INFORMATION SUPPLIED:
+ + + + + + +
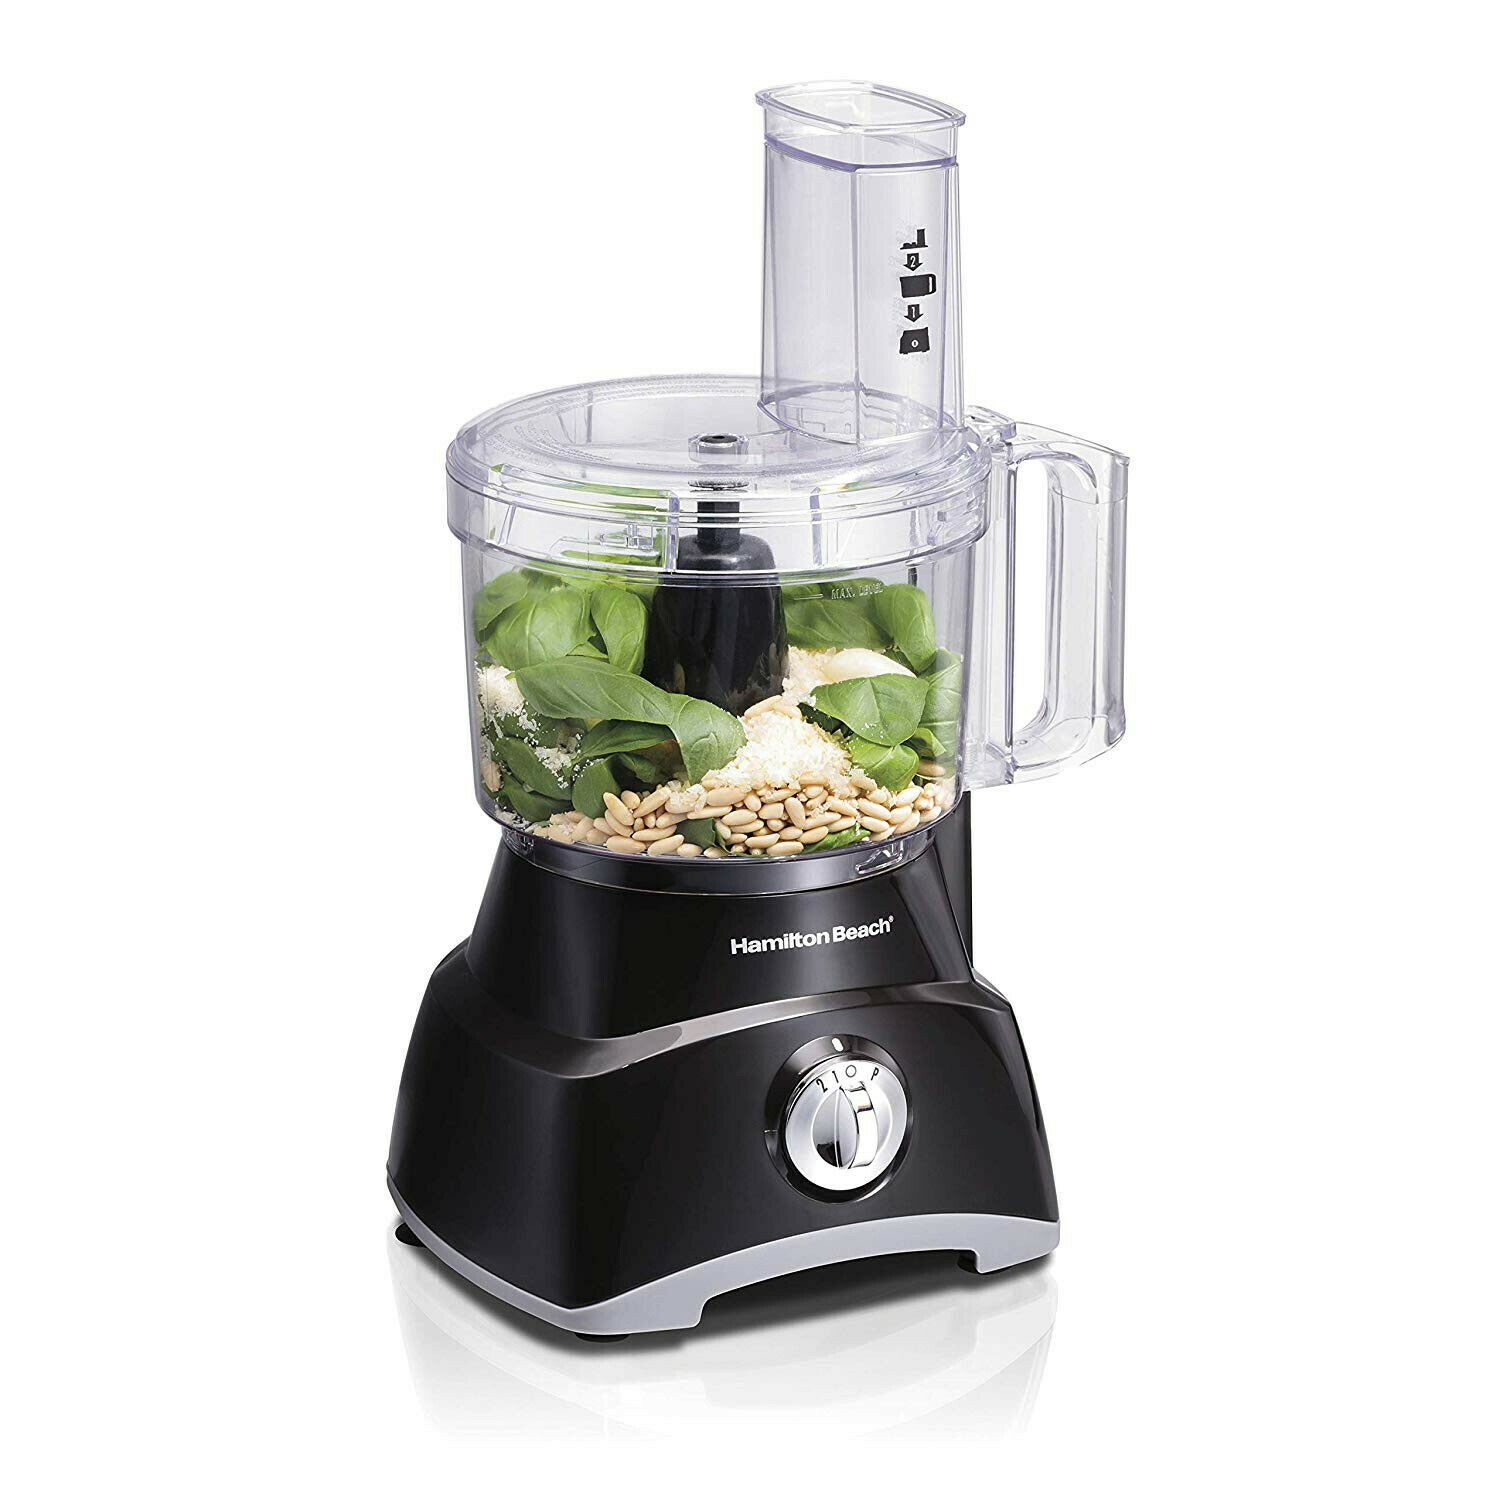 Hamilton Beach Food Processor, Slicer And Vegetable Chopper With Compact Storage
+ + + + + + +
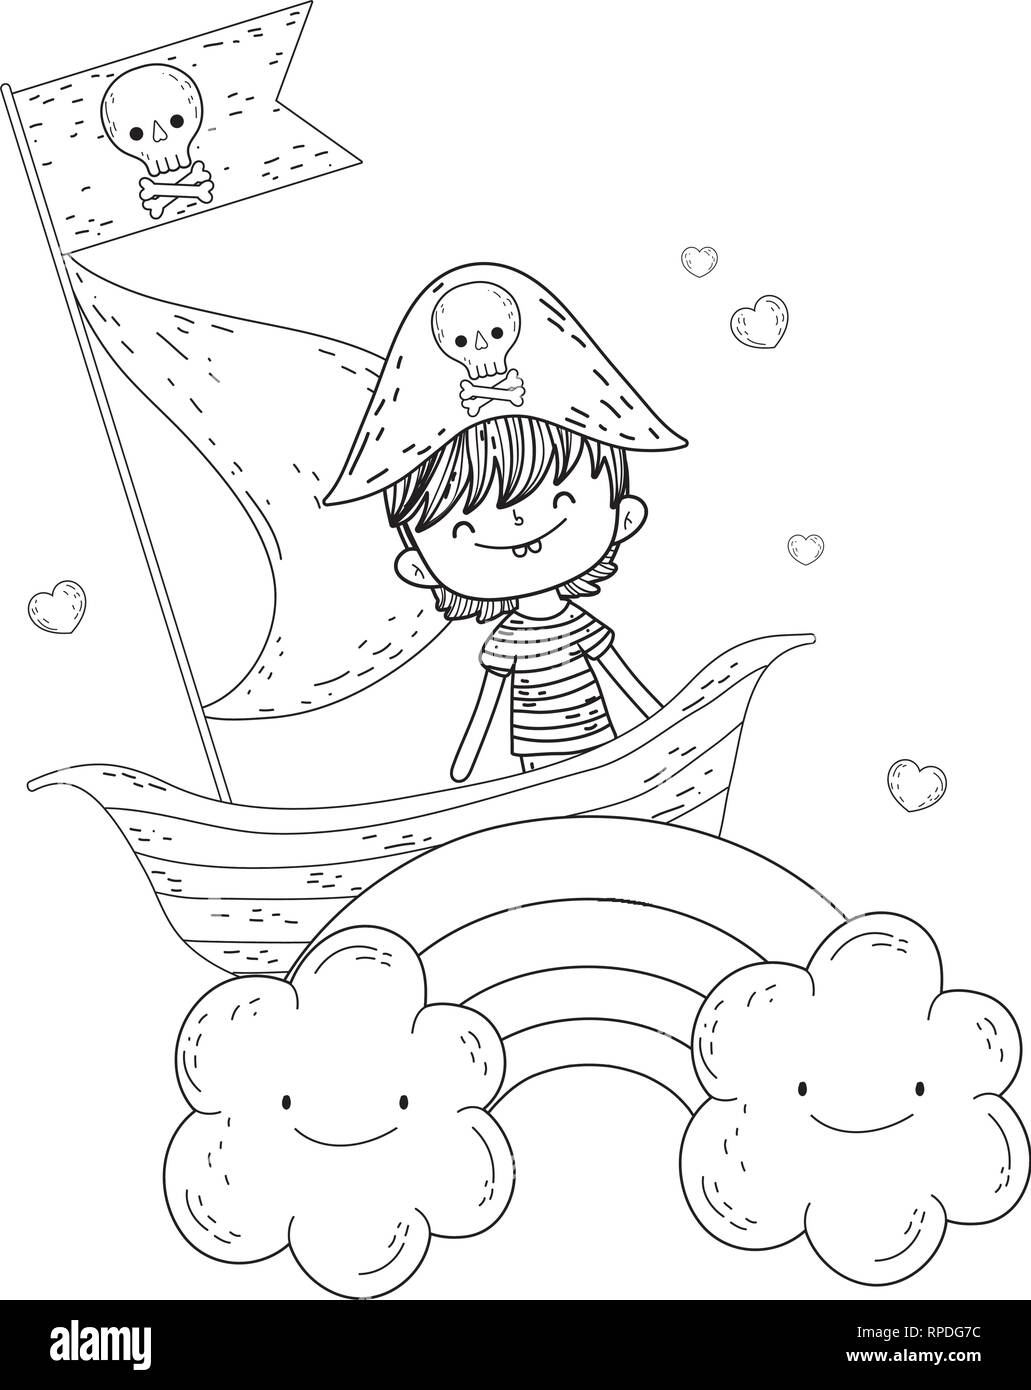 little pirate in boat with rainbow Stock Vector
+ + + + + + +
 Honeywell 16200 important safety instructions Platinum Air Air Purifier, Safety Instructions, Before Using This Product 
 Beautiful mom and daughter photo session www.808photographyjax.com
+ + + + + + +
ASSIGNED TASK: Among the lines above, find the one with "Honeywell 16200 important" and the one with "Beautiful mom and". Quote both and everything between them, exactly.

OUTPUT:
 Honeywell 16200 important safety instructions Platinum Air Air Purifier, Safety Instructions, Before Using This Product 
 Beautiful mom and daughter photo session www.808photographyjax.com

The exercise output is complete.